I'm writing some tests with Selenium and noticed, that Referer is missing from the headers. I wrote the following minimal example to test this with https://httpbin.org/headers:
import selenium.webdriver
options = selenium.webdriver.FirefoxOptions()
options.add_argument('--headless')
profile = selenium.webdriver.FirefoxProfile()
profile.set_preference('devtools.jsonview.enabled', False)
driver = selenium.webdriver.Firefox(firefox_options=options, firefox_profile=profile)
wait = selenium.webdriver.support.ui.WebDriverWait(driver, 10)
driver.get('http://www.python.org')
assert 'Python' in driver.title
url = 'https://httpbin.org/headers'
driver.execute_script('window.location.href = "{}";'.format(url))
wait.until(lambda driver: driver.current_url == url)
print(driver.page_source)
driver.close()
Which prints:
<html><head><link rel="alternate stylesheet" type="text/css" href="resource://content-accessible/plaintext.css" title="Wrap Long Lines"></head><body><pre>{
"headers": {
"Accept": "text/html,application/xhtml+xml,application/xml;q=0.9,*/*;q=0.8",
"Accept-Encoding": "gzip, deflate, br",
"Accept-Language": "en-US,en;q=0.5",
"Connection": "close",
"Host": "httpbin.org",
"Upgrade-Insecure-Requests": "1",
"User-Agent": "Mozilla/5.0 (X11; Ubuntu; Linux x86_64; rv:64.0) Gecko/20100101 Firefox/64.0"
}
}
</pre></body></html>
So there is no Referer. However, if I browse to any page and manually execute
window.location.href = "https://httpbin.org/headers"
in the Firefox console, Referer does appear as expected.
As pointed out in the comments below, when using
driver.get("javascript: window.location.href = '{}'".format(url))
instead of
driver.execute_script("window.location.href = '{}';".format(url))
the request does include Referer. Also, when using Chrome instead of Firefox, both methods include Referer.
So the main question still stands: Why is Referer missing in the request when sent with Firefox as described above?
Referer as per the MDN documentation
The Referer request header contains the address of the previous web page from which a link to the currently requested page was followed. The Referer header allows servers to identify where people are visiting them from and may use that data for analytics, logging, or optimized caching, for example.

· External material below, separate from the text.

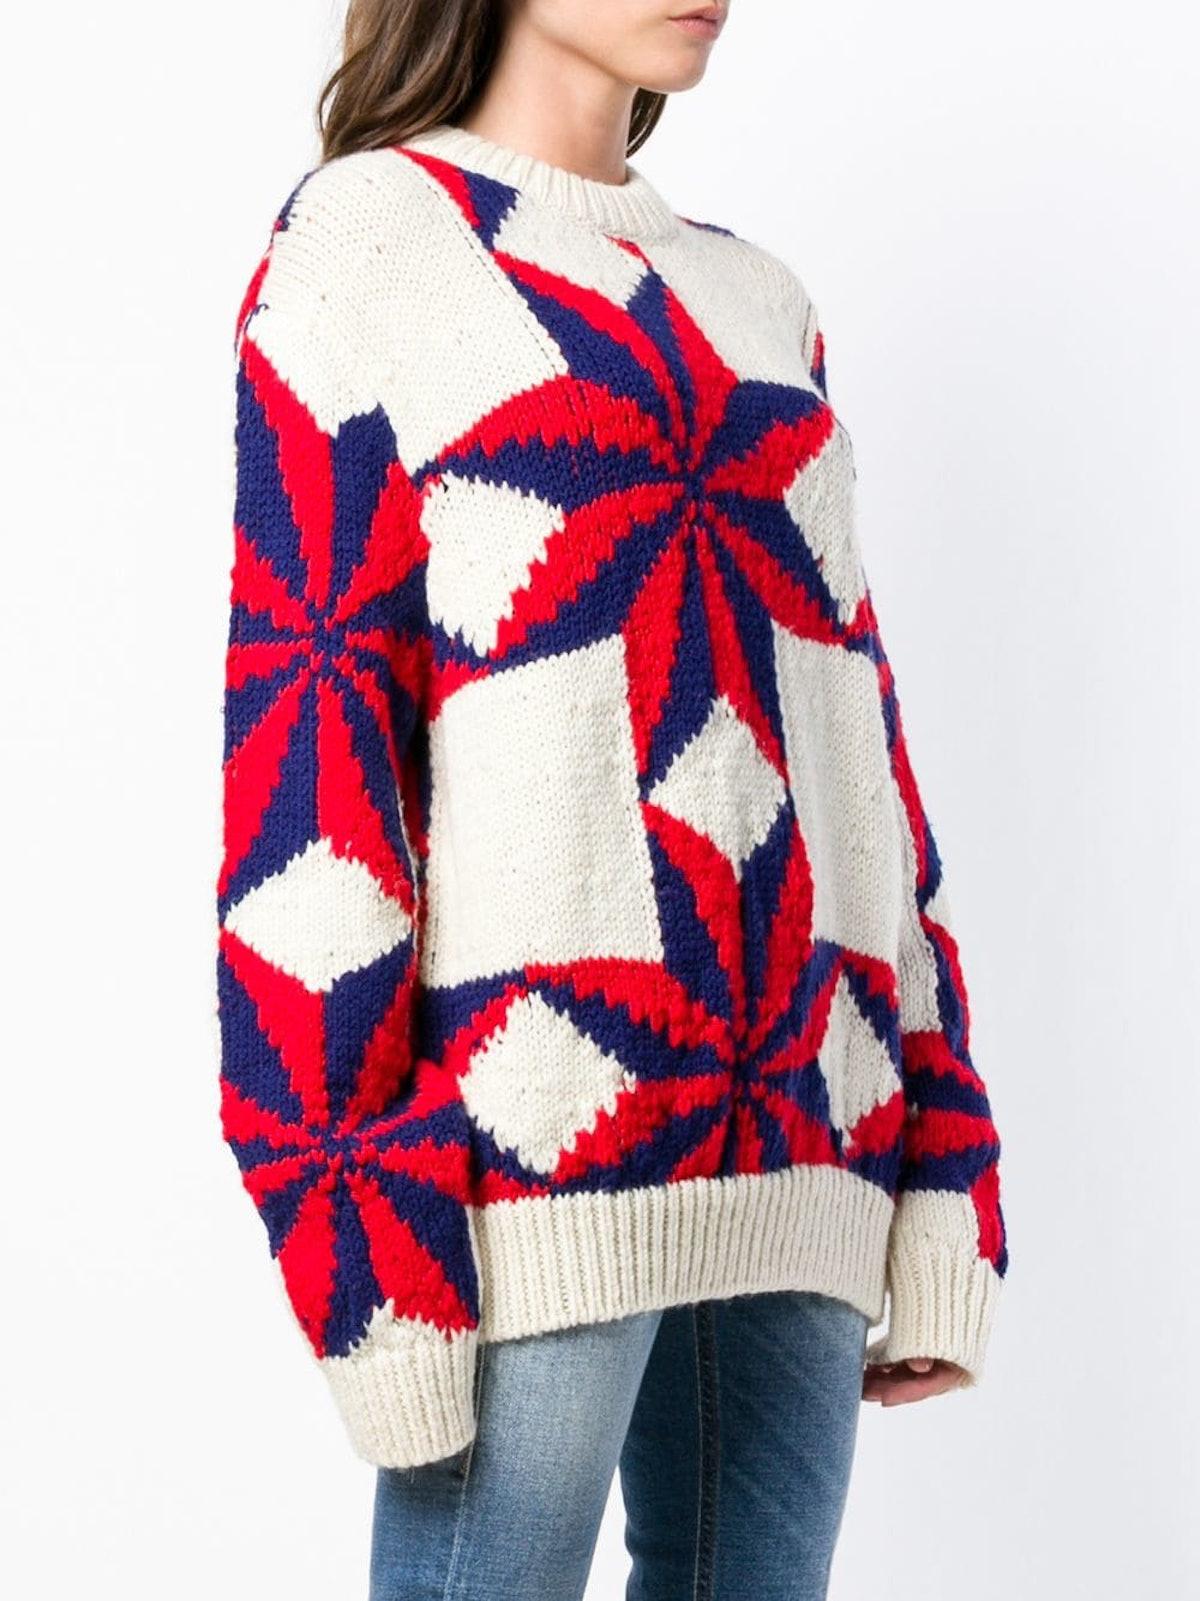 Star Intarsia Knit Jumper

Important: Although this header has many innocent uses it can have undesirable consequences for user security and privacy.

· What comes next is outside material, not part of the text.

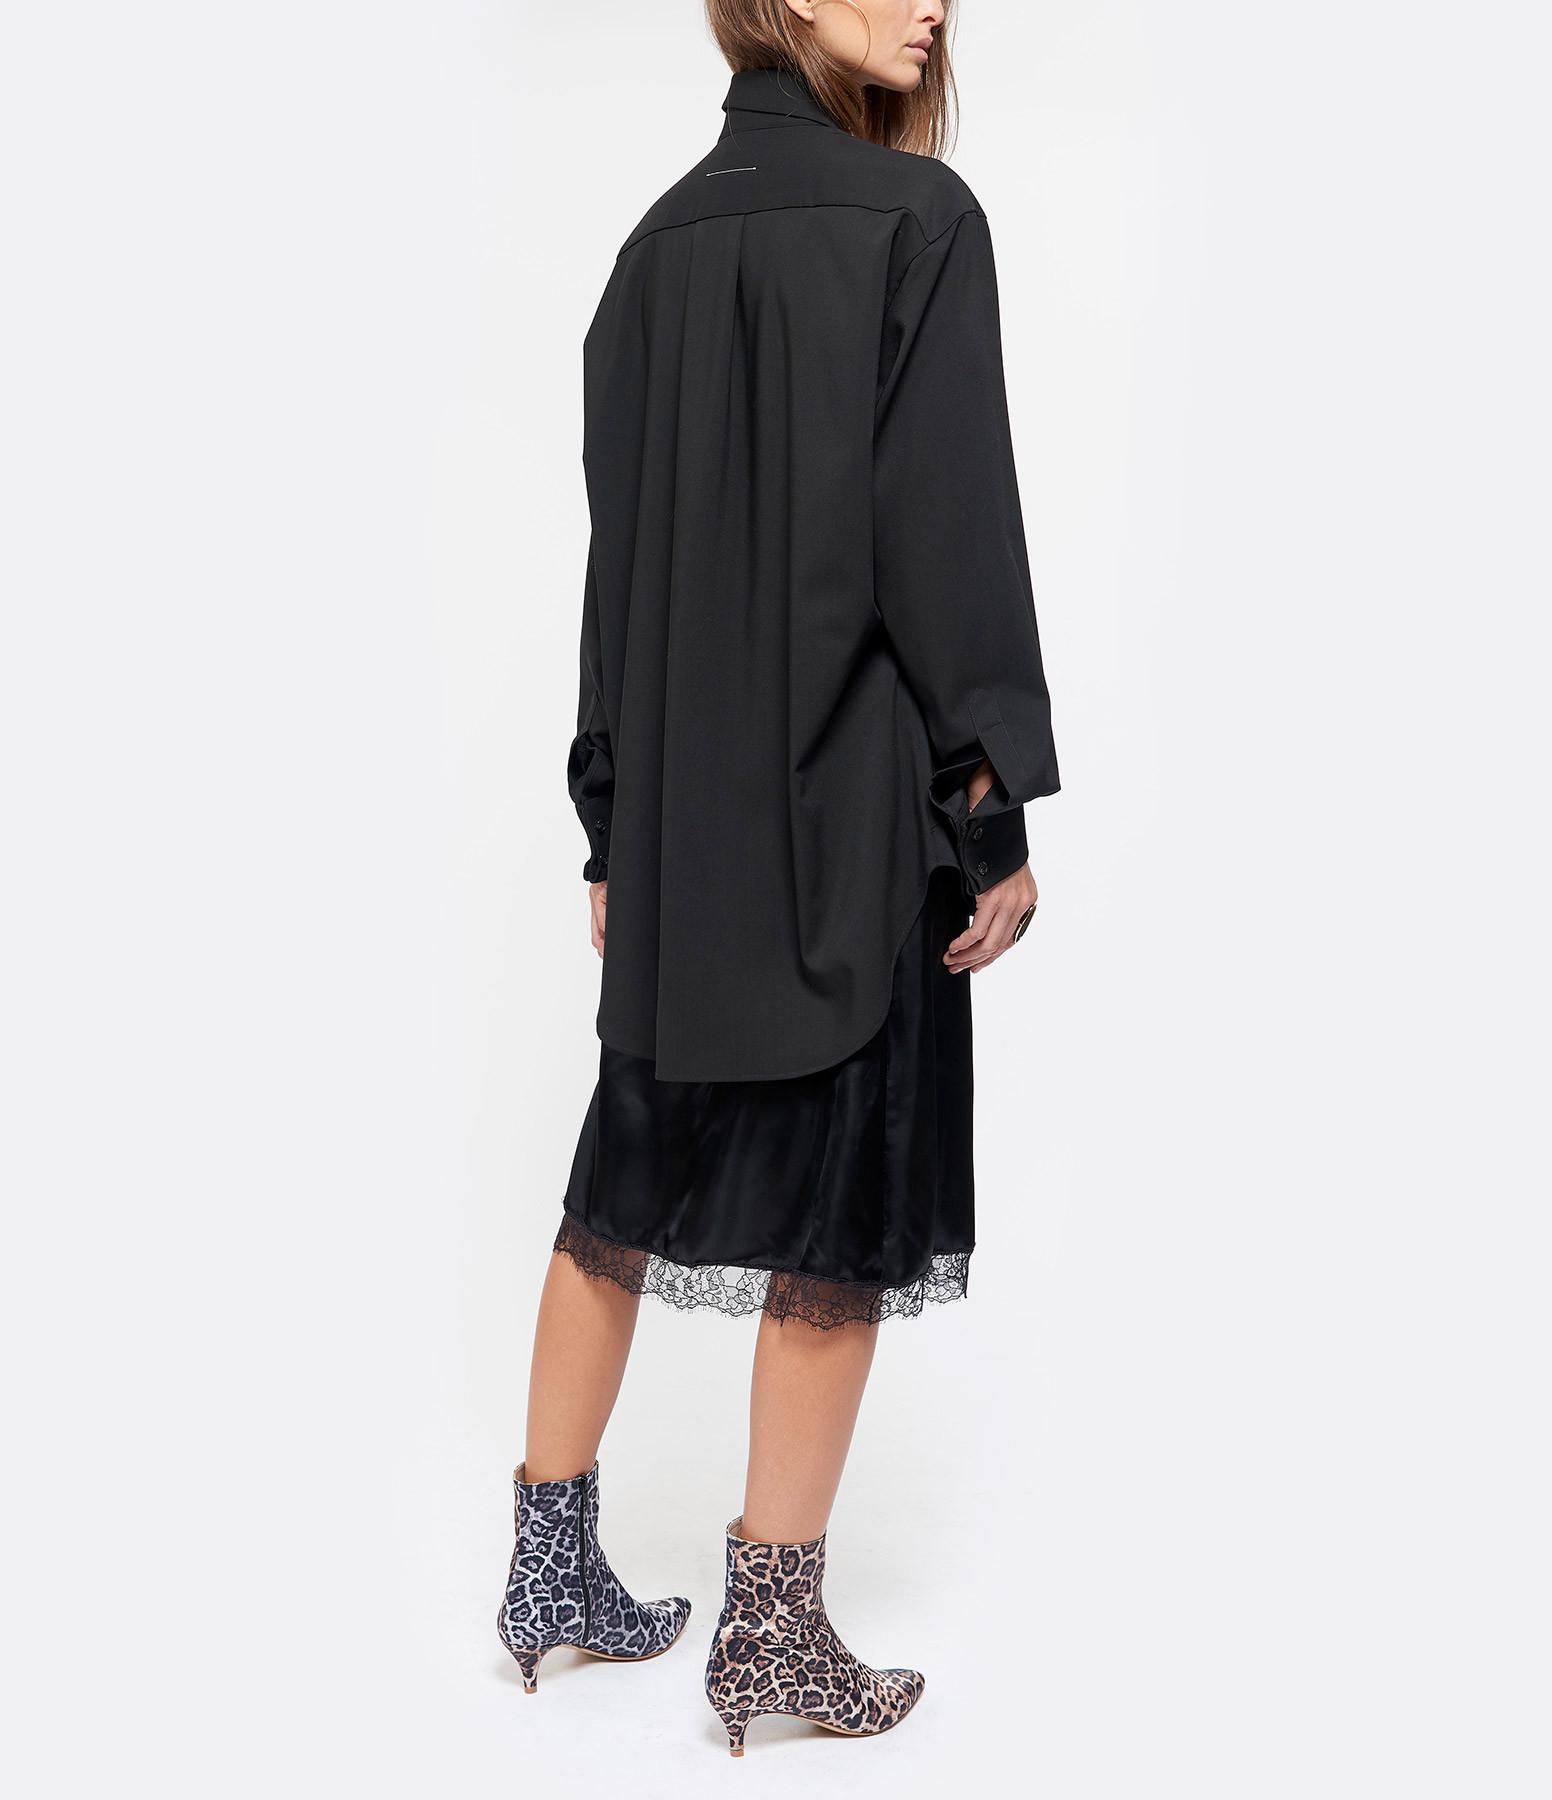 MM6 MAISON MARGIELA - Robe Veste Denim Noir

Source: https://developer.mozilla.org/en-US/docs/Web/HTTP/Headers/Referer
However:
A Referer header is not sent by browsers if:
The referring resource is a local "file" or "data" URI.
An unsecured HTTP request is used and the referring page was received with a secure protocol (HTTPS).
Source: https://developer.mozilla.org/en-US/docs/Web/HTTP/Headers/Referer
Privacy and security concerns
There are some privacy and security risks associated with the Referer HTTP header:
The Referer header contains the address of the previous web page from which a link to the currently requested page was followed, which can be further used for analytics, logging, or optimized caching.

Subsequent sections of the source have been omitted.